Now, my tremendous relief at having raised two girls who don’t seem to have their dead father’s addictive tendencies had dissipated. There were new things to worry about. New secrets to keep.

When the detectives left, Hillary had said, “Let’s keep this between us.”

“Well, I’m not going to hold a press conference,” I’d huffed.

“You know what I mean.”

“Hillary,” I had said. It always came out like a sigh, those names with H’s that I’d chosen. It always sounded dramatic even when I didn’t mean it to. But this time, I’d meant it.

“I just feel terrible, like I—” She had stopped.

I’d finished.

“Like you convinced her to move to a murderous neighborhood where everyone is under scrutiny?”

“Yes. Basically.”

“Well, why should you feel guilty? You didn’t kill the child.”

“Jesus, Mom, do you have to be so blunt?”

“It’s what old age does to you. It shortens your time and therefore your sentences.”

“Well, I’ll shorten mine. Don’t tell Hannah.”

“I’ll let you tell her.”

“Mom.”

“Your sister would be the last person to think any of this was your fault.”

That had been my final word on the topic, and I’d raised my eyes for emphasis. She’d said nothing, but the look on her face said way too much. Hillary is a beautiful woman, but her face is capable of every shade of ugliness. When I think back and consider everything in that look and all that was packed inside as she bade me goodbye, I saw the world in it. I saw pity—pity for her clueless mother who stupidly thought the best of her daughters. I saw fear, competition, envy.

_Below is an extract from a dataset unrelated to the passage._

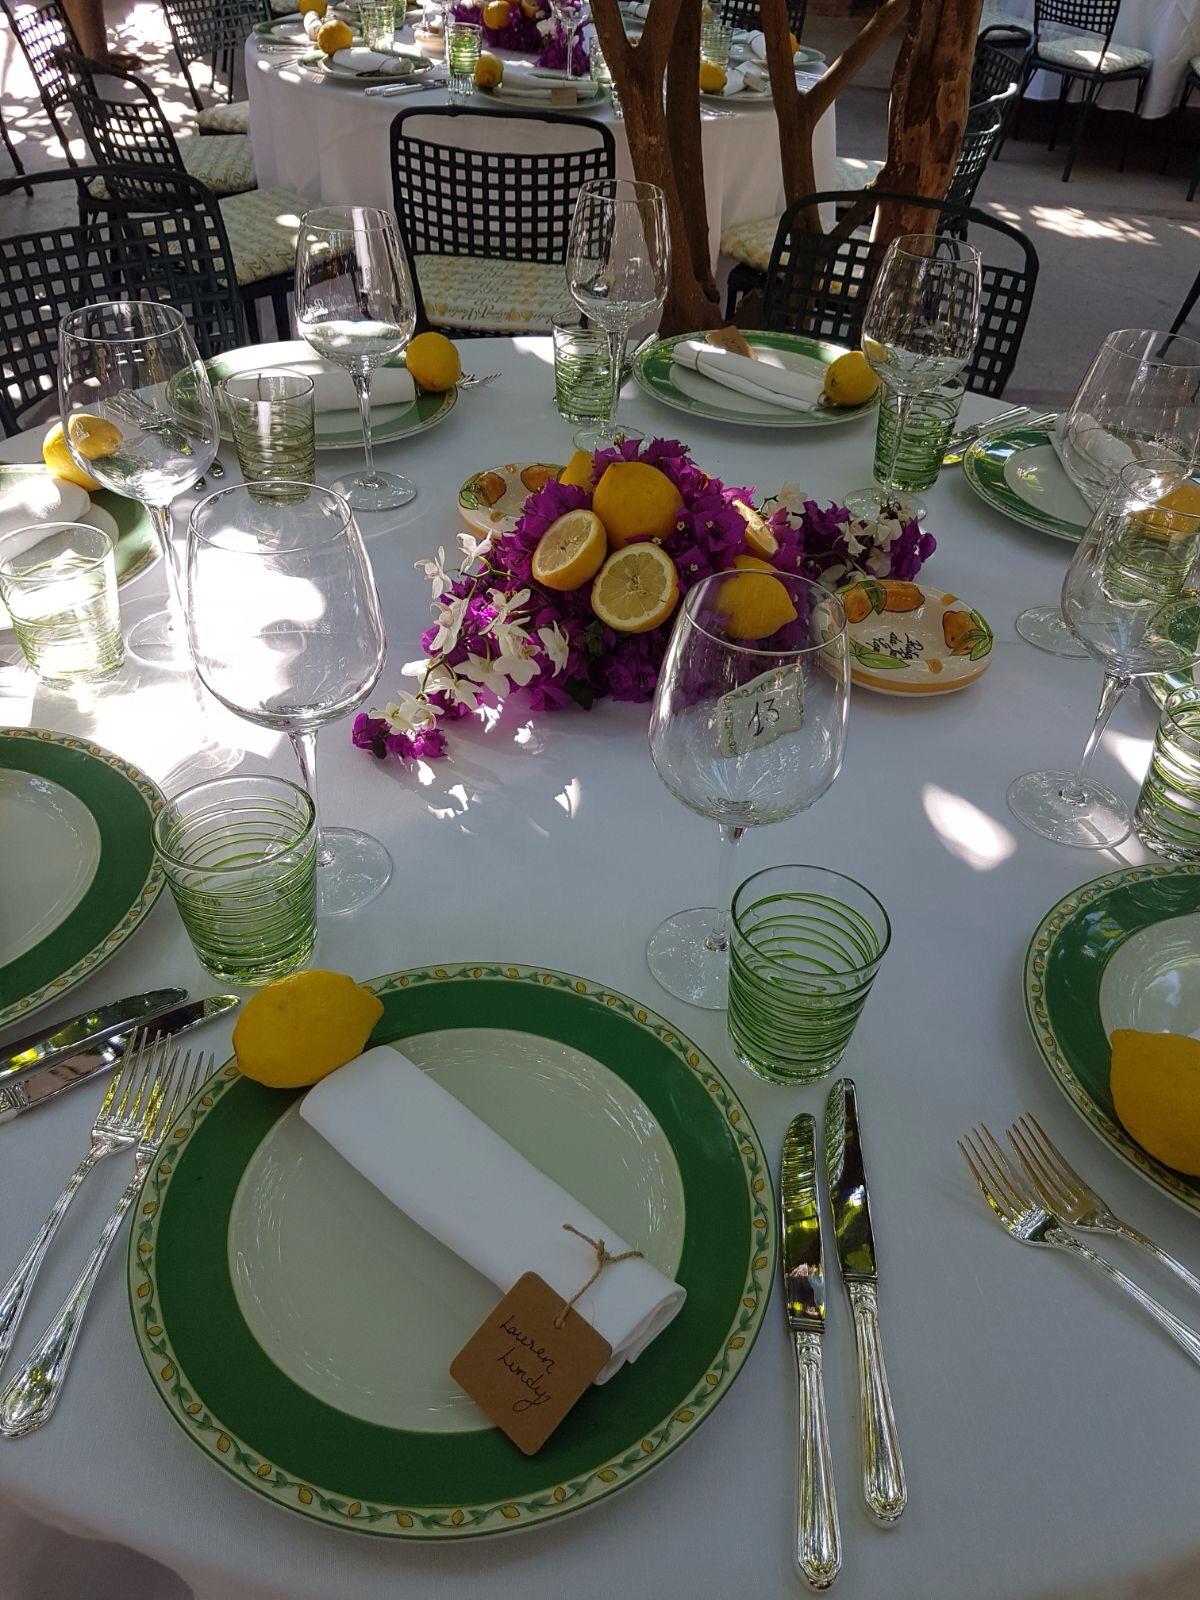 https://www.weddingamalfi.com/wp-content/uploads/Nathalie-and-Benjamin-wedding-day-in-Positano-4.jpg

I saw the huge house and the handsome husband and the beautiful daughter and the home-cooked, from-scratch, all-organic meals. I saw her whole universe compacted into her narrow eyes. All that she had at stake.

Was I wrong? Would Hannah judge Hillary for having more, for having it all? Admiration, wistfulness, hope, even envy perhaps. But would it really mix together and turn into judgment?

Still, when I got home that night, I confess I locked all my doors and kept the outside lights burning and lay awake in bed, wide awake, listening and ruminating a long time. I had too many secrets in my head. Like a therapist or a priest, I knew too much, and I couldn’t hold it all. It burst the seams of my brain, leading me to other moments, other arguments between my girls, other tensions I’d noticed but hadn’t excavated. A night in high school when one had come home later than the other, their voices rising from their room, waking me a second time after the door opened at two in the morning. Fighting over a boy? Or the curfew? What? Other places I probably needed to go but didn’t want to visit.

I thought of everything the security footage didn’t show. All the things the police were looking for. Like which way the little girl walked as she went down the driveway. If she was going up and down the block, which neighbor she sought out next.

Had she wandered down to say hello to my other daughter, my grandson? Had she gone to see the boy obsessed with dead things?